Discussion in 'Journalism topics only' started by joe_schmoe, Oct 30, 2014.

  1. joe_schmoe

    joe_schmoe Active Member

    To my fellow sports journalists who have to cover a high school game (or any other event) this Friday:
    As you know Friday is Halloween. Please avoid working in any type of Halloween lead into your story.
    They are tempting, they can even be cutesy But they are overdone, and often way too forced. So unless you are extremely talented, don't let your readers cringe at your work.

  2. Riptide

    Riptide Well-Known Member

    'Tis the season!
  3. Starman

    Starman Well-Known Member

    throw out the record books in this rivalry

    A tale of two halves

    it was the best of times/worst of times

    sweet revenge

    we got no respect

    weather cliches -- unless it was a REAL factor, nobody really cares

    "The experts were wrong" -- Las Vegas doesn't pick HS games
  4. HejiraHenry

    HejiraHenry Well-Known Member

    Halloween reference is one of those "you get to do this once in a career, so make it count" things for me.

    It does remind me that I need to caution our younger guys about that before Friday night.
  5. Baron Scicluna

    Baron Scicluna Well-Known Member

    The Bumfuck Giants tricked the Bumblefuck Royals on Friday night and it was a treat for the fans ....
  6. Steak Snabler

    Steak Snabler Well-Known Member

    I once told a room full of stringers that if I got any Friday 13th ledes that night, they were all fired.
  7. Mystery Meat II

    Mystery Meat II Well-Known Member

    This is one of those things that only we'd care about. Your average reader doesn't know or care how often you made a holiday reference in a lede unless you did it every day or they were keeping meticulous stats, in which case there's another problem.

    I get not wanting to encourage lazy writing, but I don't think anyone who picks up the paper is going to be upset if they see a Halloween-themed lede on the story about the football game that took place on Halloween.
  8. Dick Whitman

    Dick Whitman Well-Known Member

    I kind of tend to agree with MM here, and that's a 180 degree change from how I felt about it when I was covering preps as a full-time gig.

    Here's the thing: You may think it's trite. And you may think it appears in every story in the paper. But, meanwhile, the kids playing in the game think it's a big deal that the game's on Halloween. The fans think it's a big deal that the game's on Halloween. The school will think it's a big deal - "Monster Mash" and "Thriller" will be playing on stadium speakers everywhere tomorrow during warm-ups. And, finally, 90 percent of readers are going to read one game story from Friday night - theirs.
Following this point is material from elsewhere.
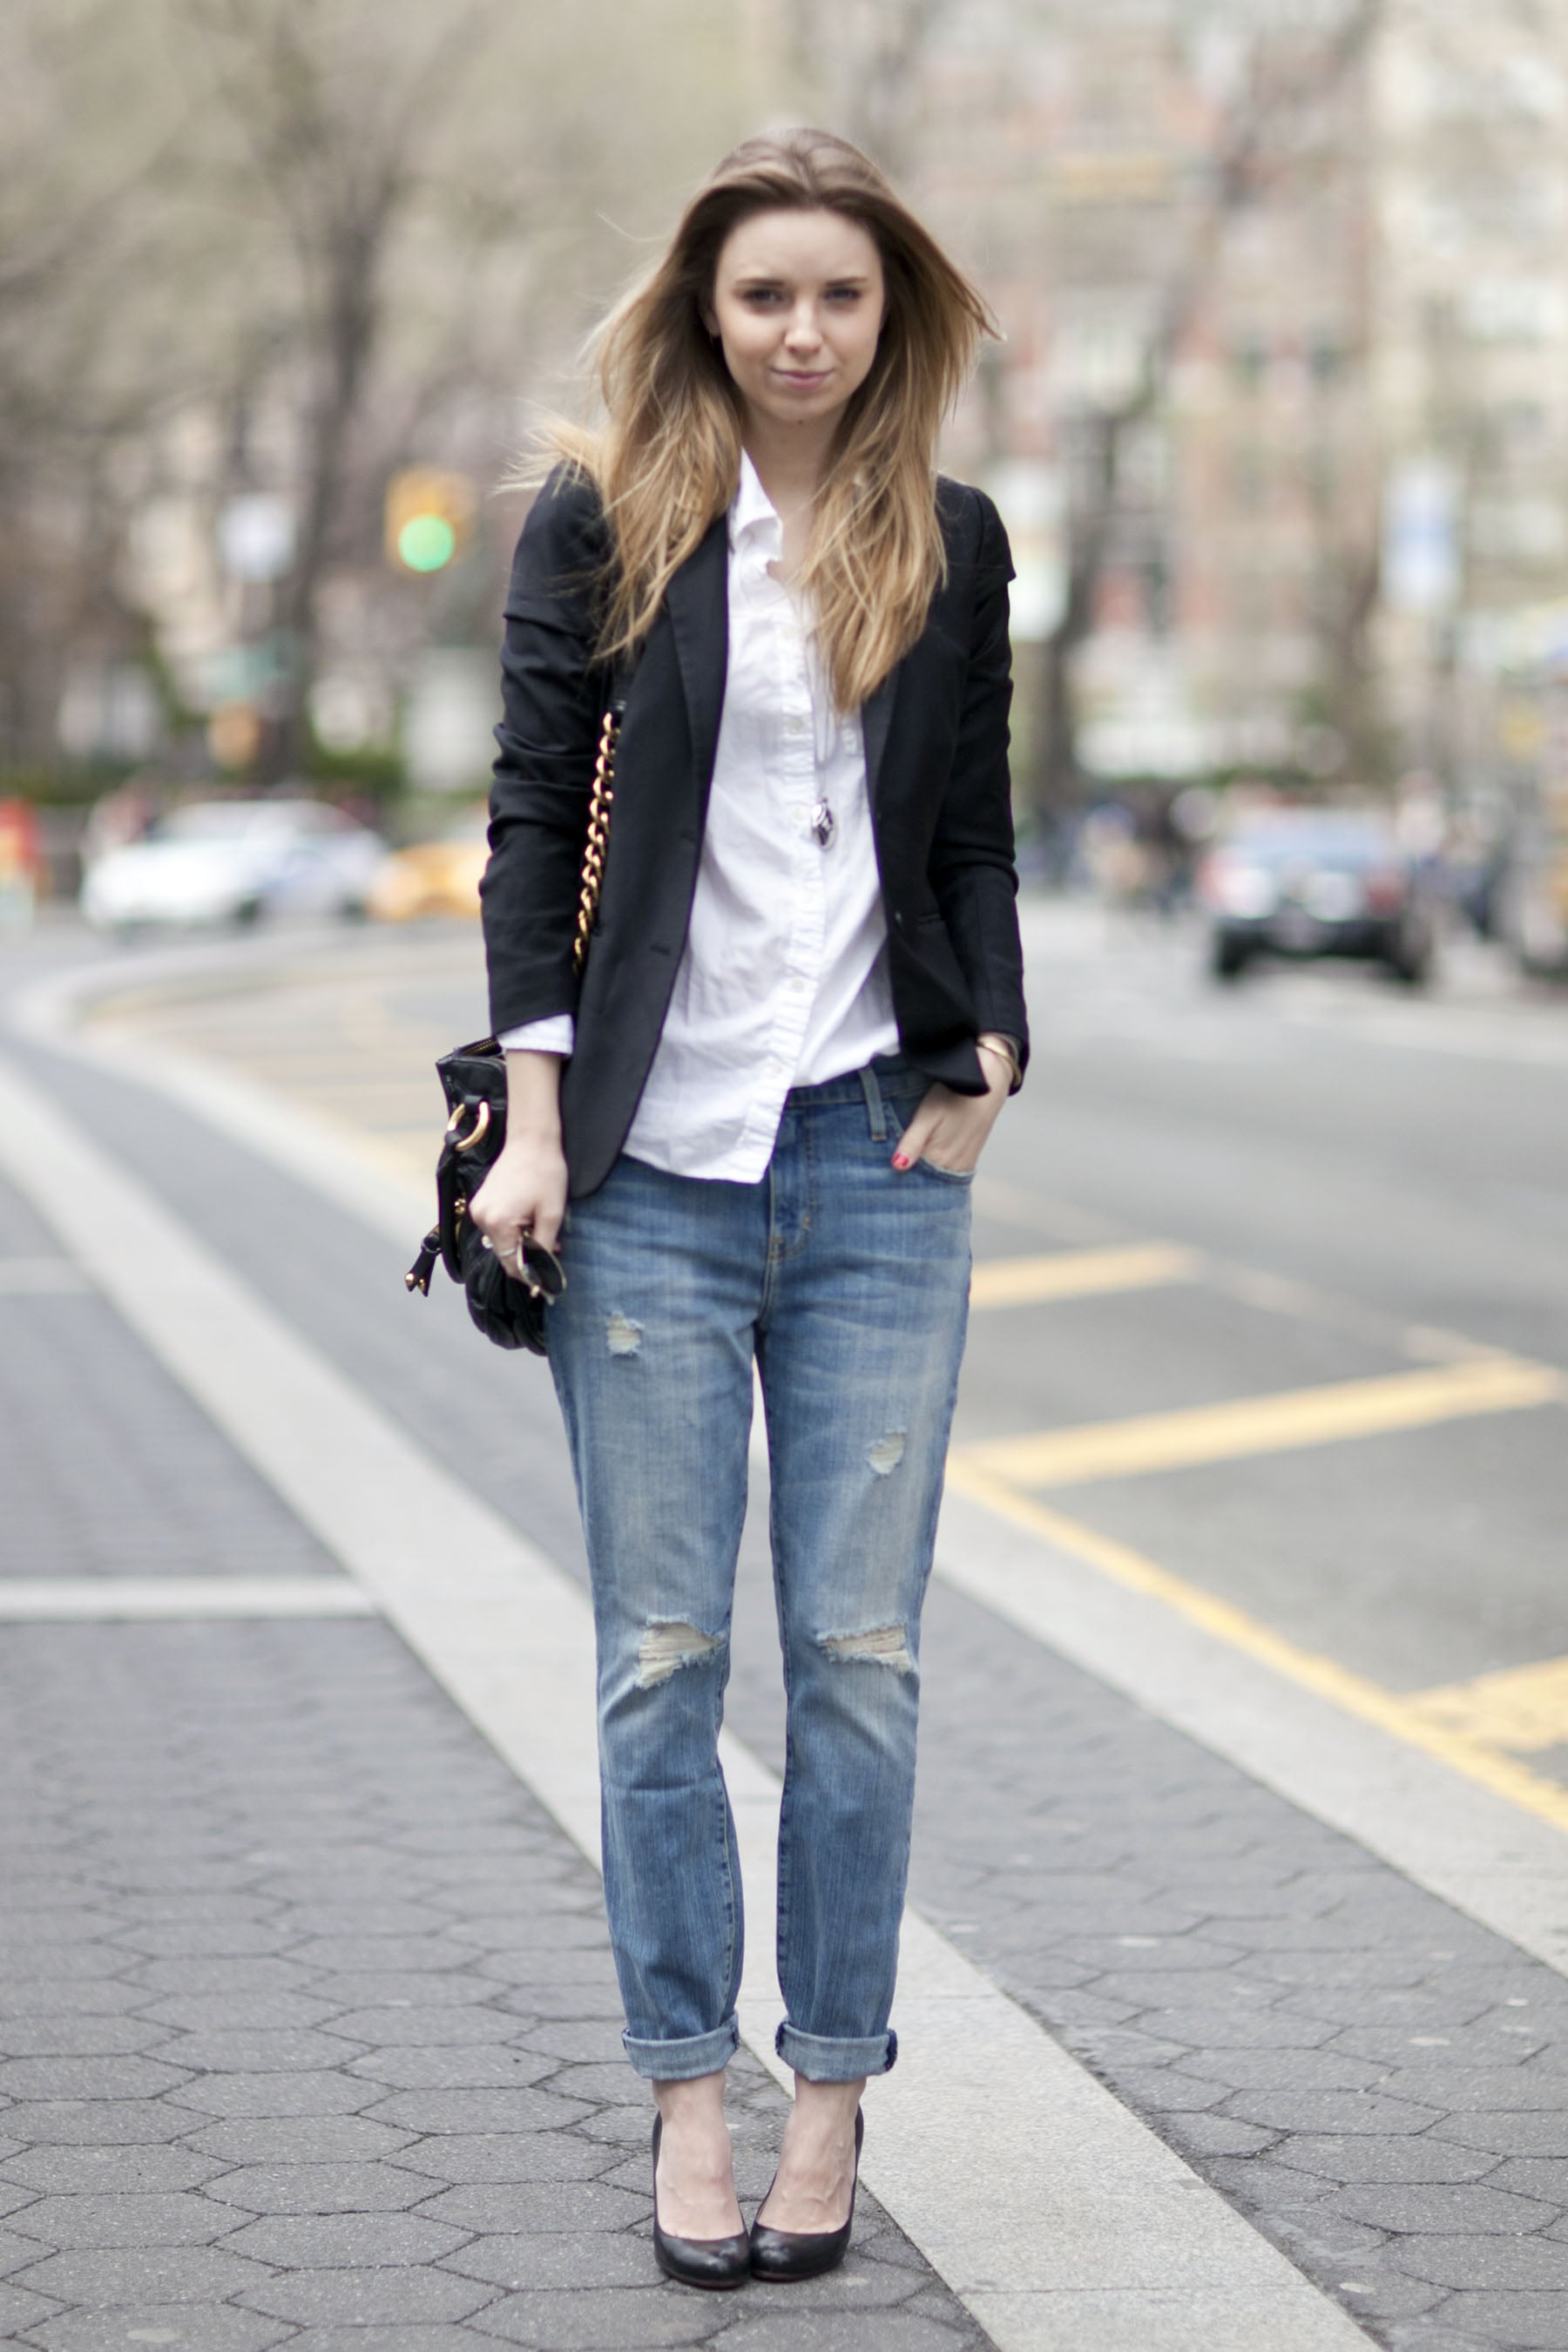 Take your favorite button-down and jeans to work with a blazer and | Oh ...

    Who are we to ignore what, to the people involved and who care, feels like a big deal?

    Same thing with Senior Night.
  9. doctorquant

    doctorquant Well-Known Member

    Were I still a sports writer, here's how I'd answer your question ...

    "We are the ones who are hoping to use this clip (and others) to get a job at which we don't have to cover high schools."
  10. 29

    29 New Member

    It's like 'the good, the bad and the ugly' — you get to use it once
  11. RecoveringJournalist

    RecoveringJournalist Well-Known Member

    That's also the rule for the question lede.
  12. da man

    da man Well-Known Member

    Then that's up to you, isn't it?